Try in balance with calculation time / calculation precision:
· Take a large cutoff energy.
· Take a lot of K points.
· Adjust smearing (type / width).
· Reduce the degree of update of the wave function (mixing_beta in QE).

Try with balance with calculation accuracy:
Loosen the convergence parameter of the SCF.

12.12.5. Q. The SCF calculation of Quantum ESPRESSO is displayed as “too few bands” in the output file (.pwout or .out) and abnormally ends. I do not know how to set nbnd.

A. First of all, please check nbnd description of the QE official manual.
If you do not use nbnd when you do the calculation, QE automatically calculates nbnd by setting it automatically, so please uncheck “Use nbnd” on the keyword setting screen of Winmostar.
To increase nbnd, set nbnd to a value larger than the value of “number of Kohn-Sham states” that is output to the pwout or out file when executed without using nbnd.
Also please refer to the value of “# valence bands:” displayed at “Use nbnd” on Configure window of Winmostar (See Solid ‣ Quantum ESPRESSO menu for detail).

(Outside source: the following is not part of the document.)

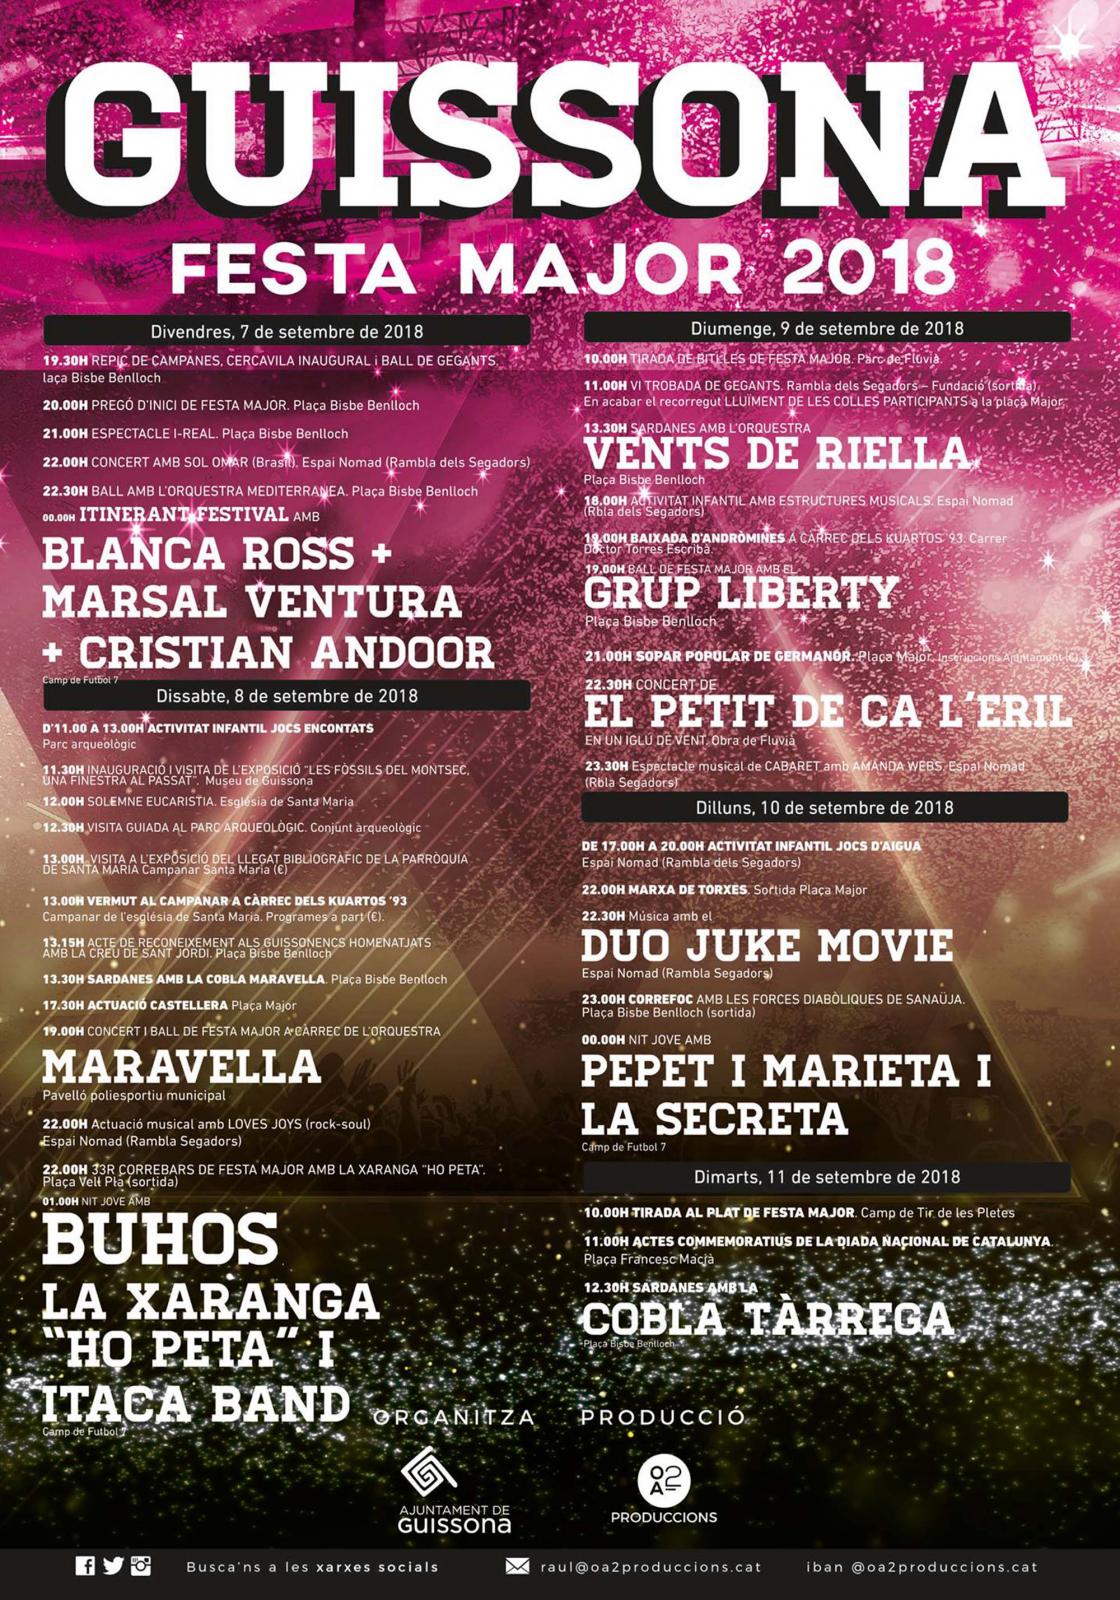 Festa major de Guissona 2018

12.12.7. Q. The SCF calculation of Quantum ESPRESSO on metal is terminated abnormally with “charge is wrong” displayed in the output file (.pwout or .out). How do I resolve this?

A. First, make sure that the occupations are set to smearing, and then set the ectrho to a larger value (such as 400 Ry).

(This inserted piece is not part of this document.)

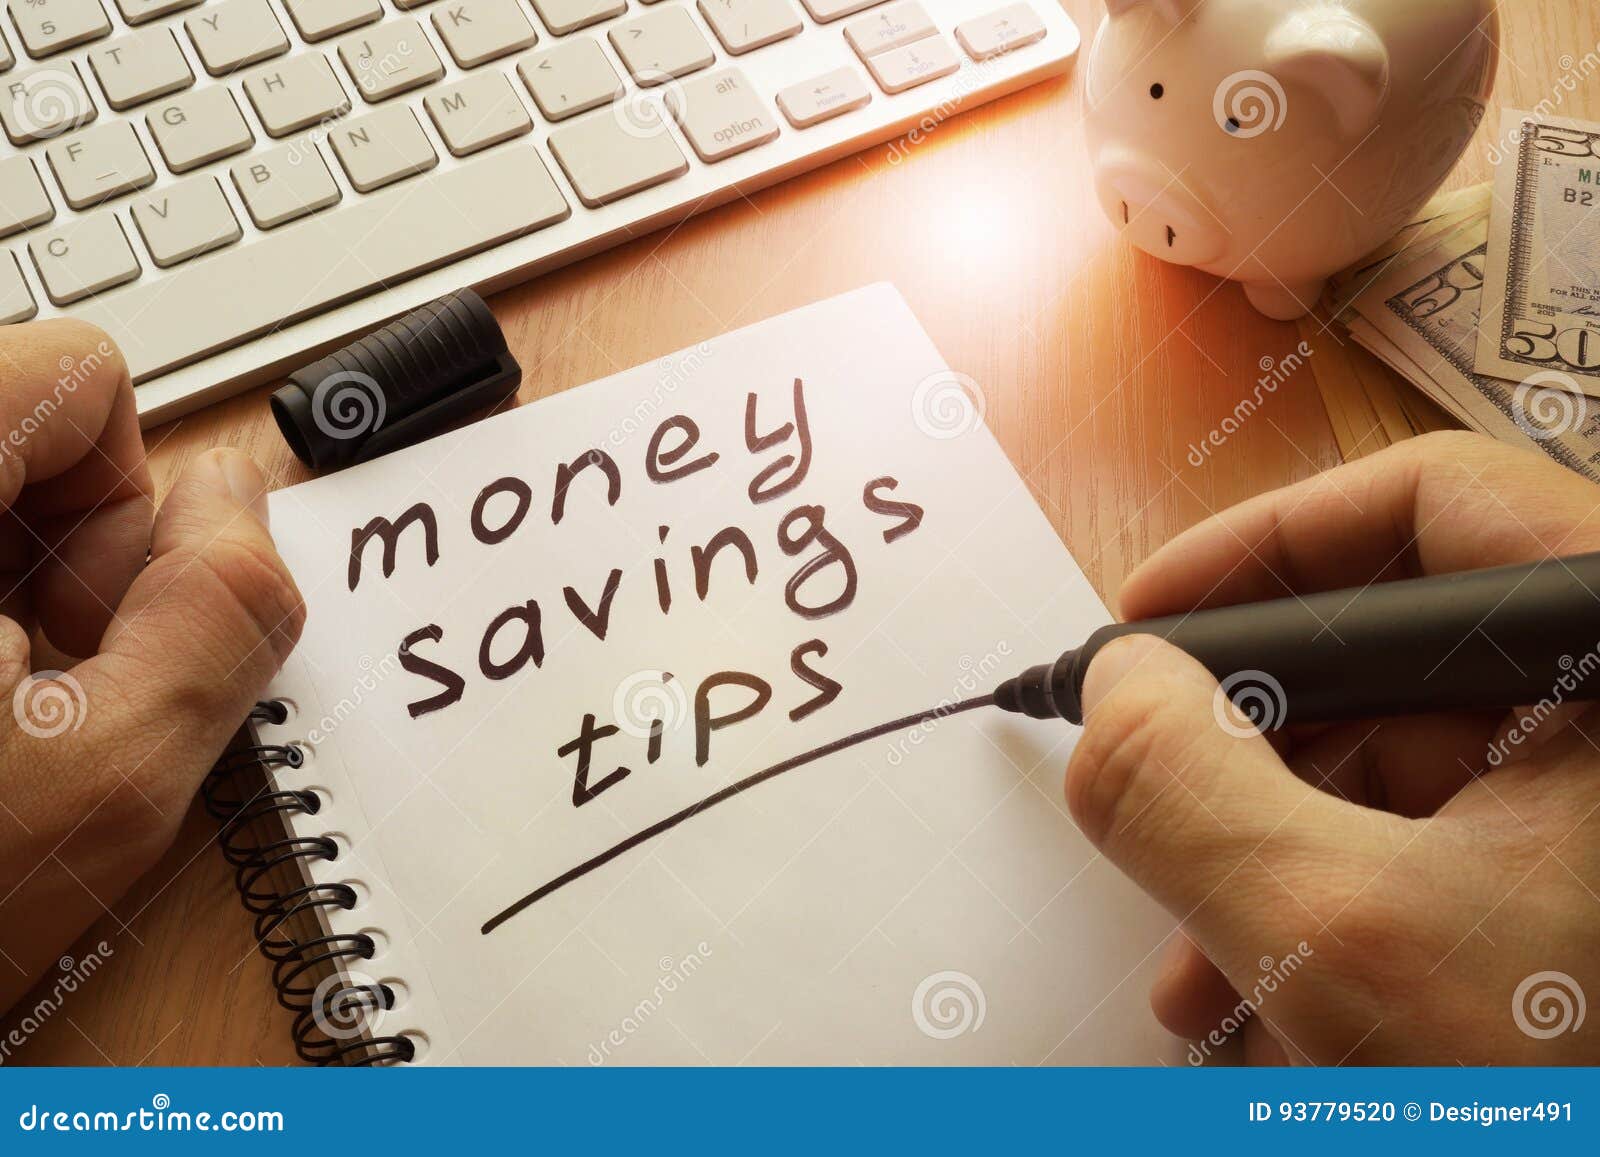 money saving tips.

12.12.11. Q. When I try to output the Fermi surface, they do not appear.

A. First, make sure that the target substance is a metal. Next, output the density of states, and confirm that the density of states is not 0 on Fermi energy.

12.12.13. Q. When I run a calculation on a local machine with MPI enabled in OpenMX, I get the error tcp_peer_send_blocking: send() to socket 12 failed: Transport endpoint is not connected.

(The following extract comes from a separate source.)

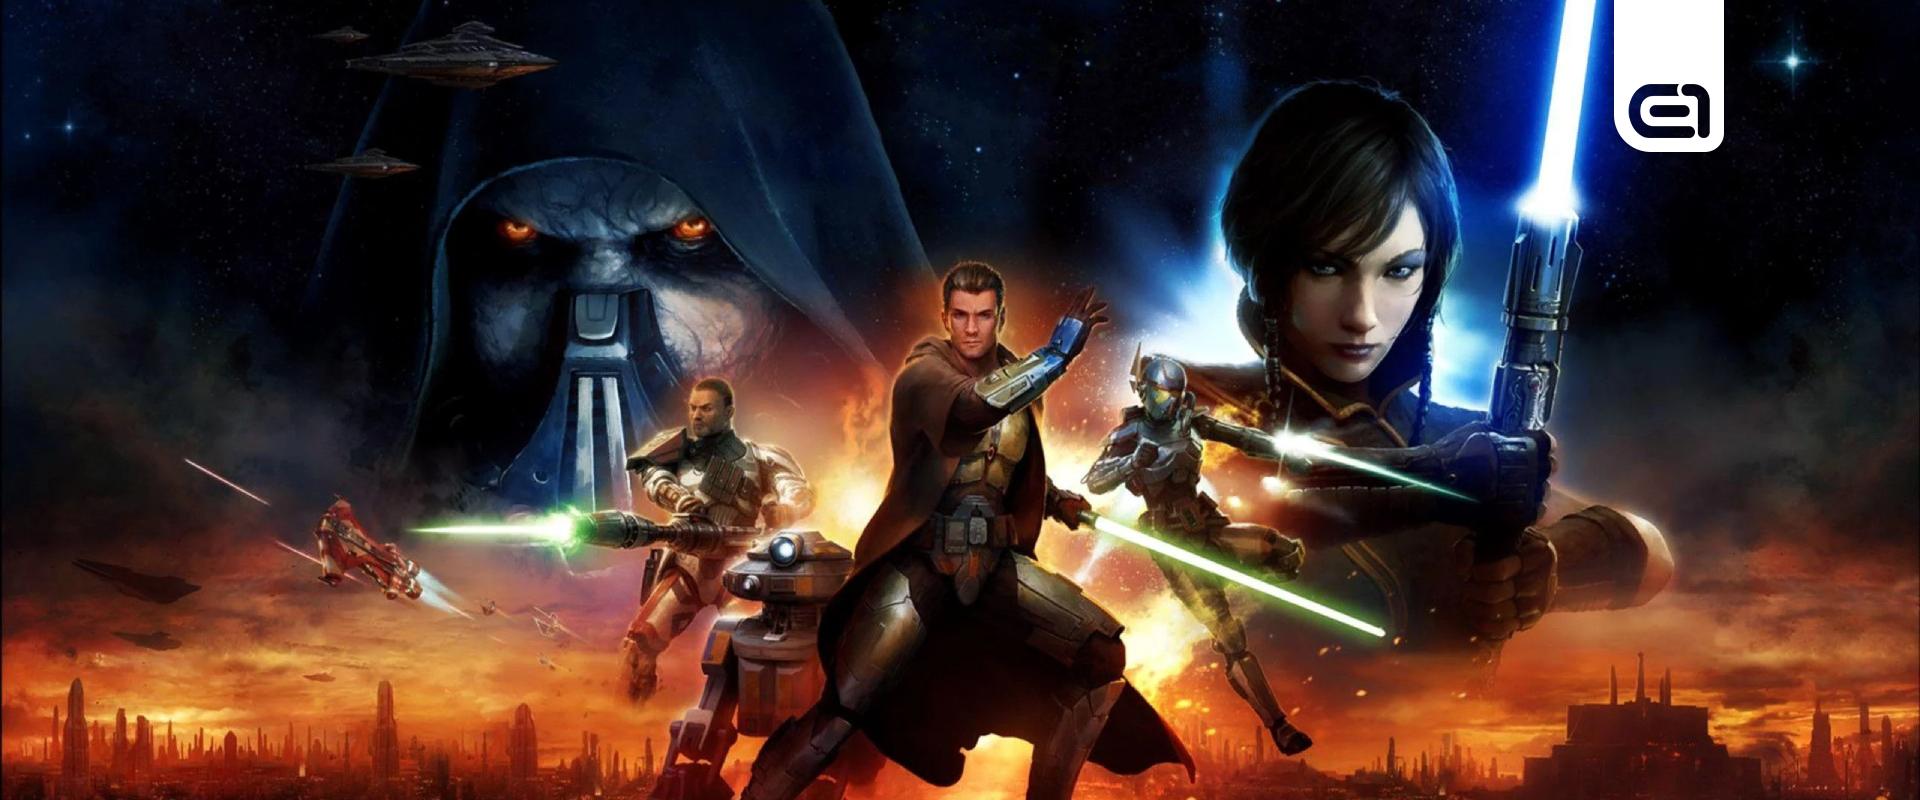 Nagy bajban a Star Wars: Knights of the Old Republic remake, megjelenik valaha?

A. For issues specific to Cygwin’s OpenMPI, go to Windows Settings - Network and Internet - Change Adapter Options and disable the network adapter you are not using. Also, OpenMX recommends that you use OpenMP on the local machine.

12.12.14. Q. How do you set up the type of functionalities in Quantum ESPRESSO?

A. In Quantum ESPRESSO, since a pseudopotential file is created for each function, the function is basically determined when the pseudopotential file is selected. Some functions (e.g., HSE, vdw functions) select the pseudopotential file created by the base function (e.g., PBE in the case of HSE) and then use the input_dft keyword to override the function’s settings.

12.13. Addons

12.13.1. Q. When calculating the Hansen solubility parameter of a polymer using the solubility parameter calculation module, the output value changes depending on how the repeating structure (monomer) of the polymer is taken.

A. It is because of the group contribution algorithm implemented. When searching for an atomic group, the search is started from the largest atomic group. It is recommended that functional groups that seem to be important be included in the repeating unit.

12.13.2. Q. The value of the Hansen solubility parameter obtained using the solubility parameter calculation module is significantly different from the literature value.

A. The solubility parameter calculation module outputs Hansen solubility parameters using the group contribution method trained by the neural network using various literature values as learning data. Therefore, it does not return exactly the same value as the literature value. Please note that the unit of the solubility parameter differs depending on the literature.